Groups that claim to not be massage and thus should not be regulated by massage legislation demand to be accepted as continuing education for massage therapists. Our sacred national certification exam, which is used as a licensing exam in most regulated states, tests one's knowledge of meditation and other fascinating but irrelevant, fringe modalities. (I have been a mediator for years. It has nothing specifically to do with the practice of massage.) The exam has forced Asian theory and techniques down our throats and now the Asian groups want exemptions from any regulation. They seem to claim they are not massage or bodywork and should not be governed by massage regulation. Yet, they have demanded everyone study Asian techniques to get a massage license. Oh, and of course, Asian techniques should be approved as continuing education for something they say they are not. Every little group wants to claim the creditability and acceptance that professional massage therapists have earned but without meeting any standard or having any accountability. It's insane and a joke, but not a funny one. We are in a sad state for a profession.
To pass a licensing law, the compromises made within our own profession make the regulation worthless and nothing more than a tax on those who participate for their ego's sake of saying, "I'm state-licensed/registered/certified." Just to pass some law, any law, we have given up important parts of our scope of practice - along with most of the benefits that professional regulation was created to provide, as I have discussed at length in my recent columns.
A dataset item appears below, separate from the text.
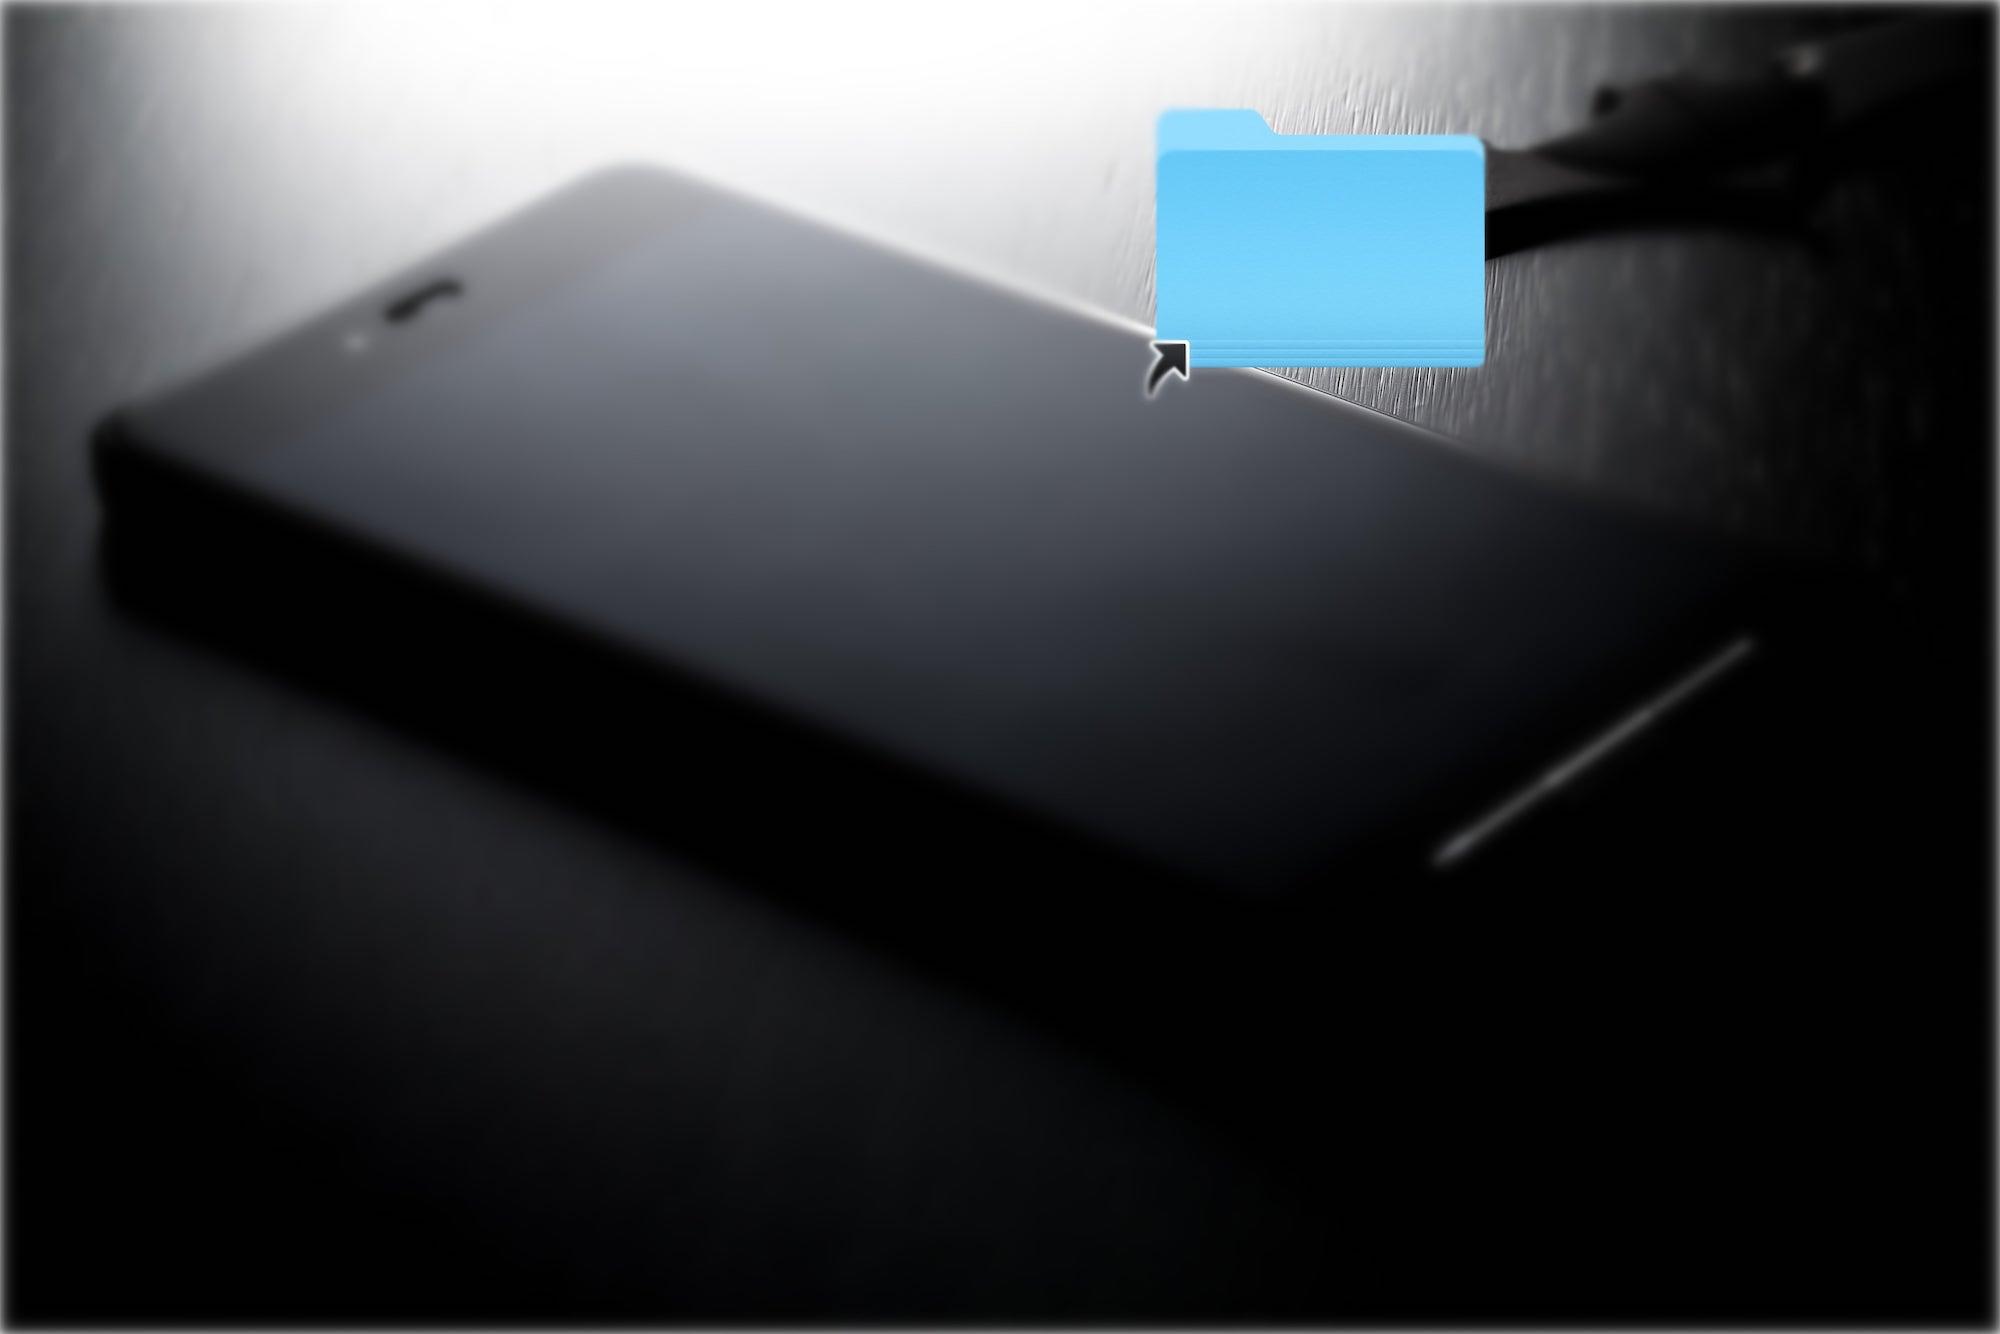 Macで外付けハードディスクにiPhoneのバックアップを作成する方法
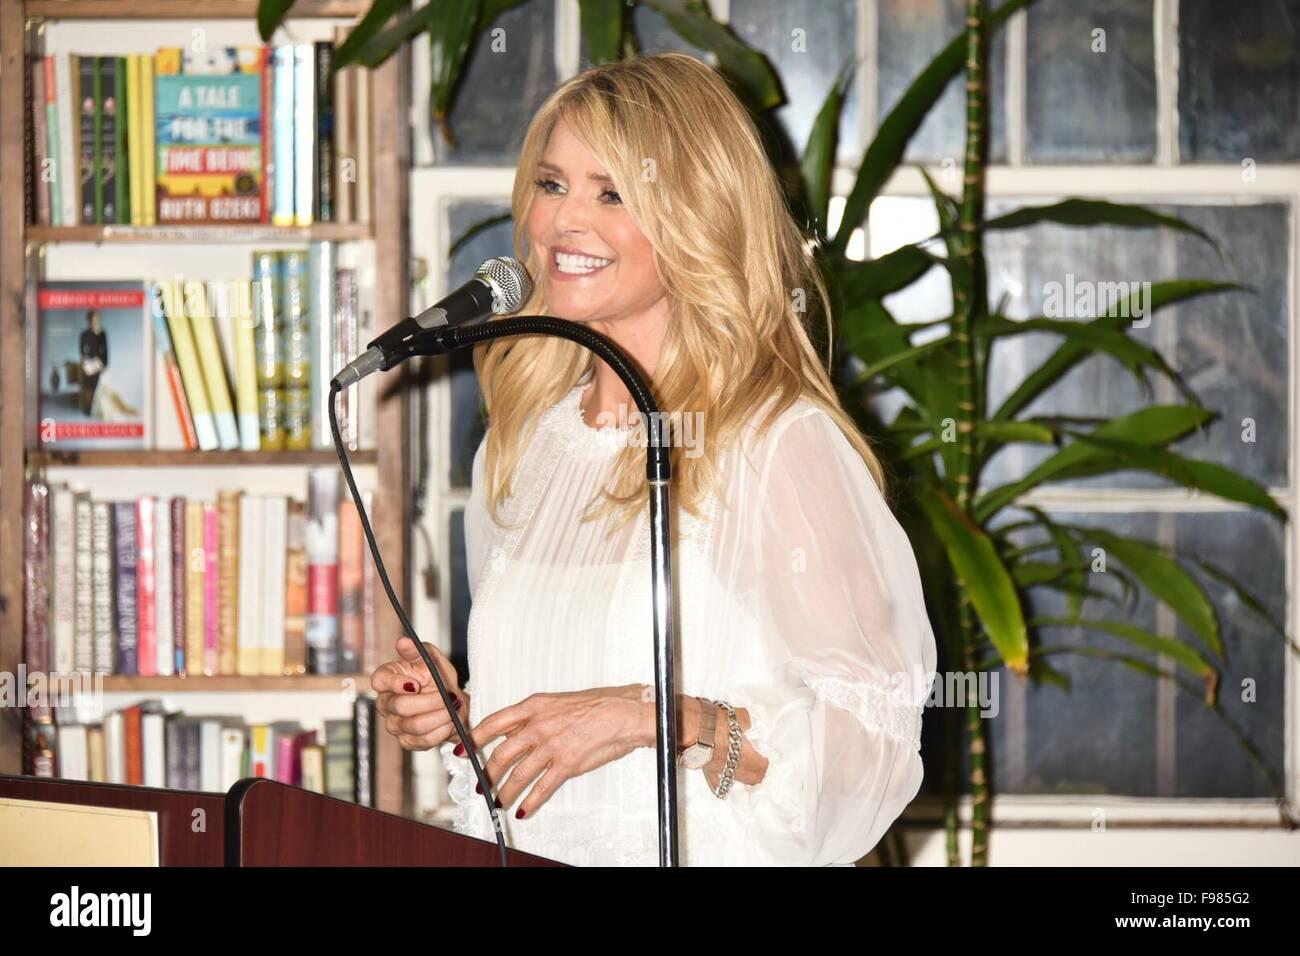 """Christie Brinkley signos ejemplares de su nuevo libro """"eterna belleza"""" en Reserve Revue en Huntington Featuring: Christie Brinkley donde: Huntington, Nueva York, Estados Unidos Cuándo: 13 Nov 2015 Foto de stock"""

On top of it all, enter the career colleges and chain schools that want to turn us into "allied health care providers" taught 50 percent via distance learning. It's a seductive title, until you realize that it puts us with PT assistants, nurses' aides and other medical techs under the complete control of the allopaths. Nothing wrong with those professions, but they are a step down in freedom and pay from being first-door providers. These schools believe our profession should change its entry-level standards for the convenience and profit of the schools, instead of the schools accepting the responsibility of training students to the standards of the profession. This completely selfish attitude shows how little they actually care about our profession in particular or the quality of care provided to the public, in general.
So, that is where the profession of massage is today from my view. I hope this little bit of history was beneficial. If it seems like it paints a dark picture, despair not, as it is neither dark nor light. It is just the reality of the situation. I am an optimist and recognize that much good is being done despite our floundering. There always is hope.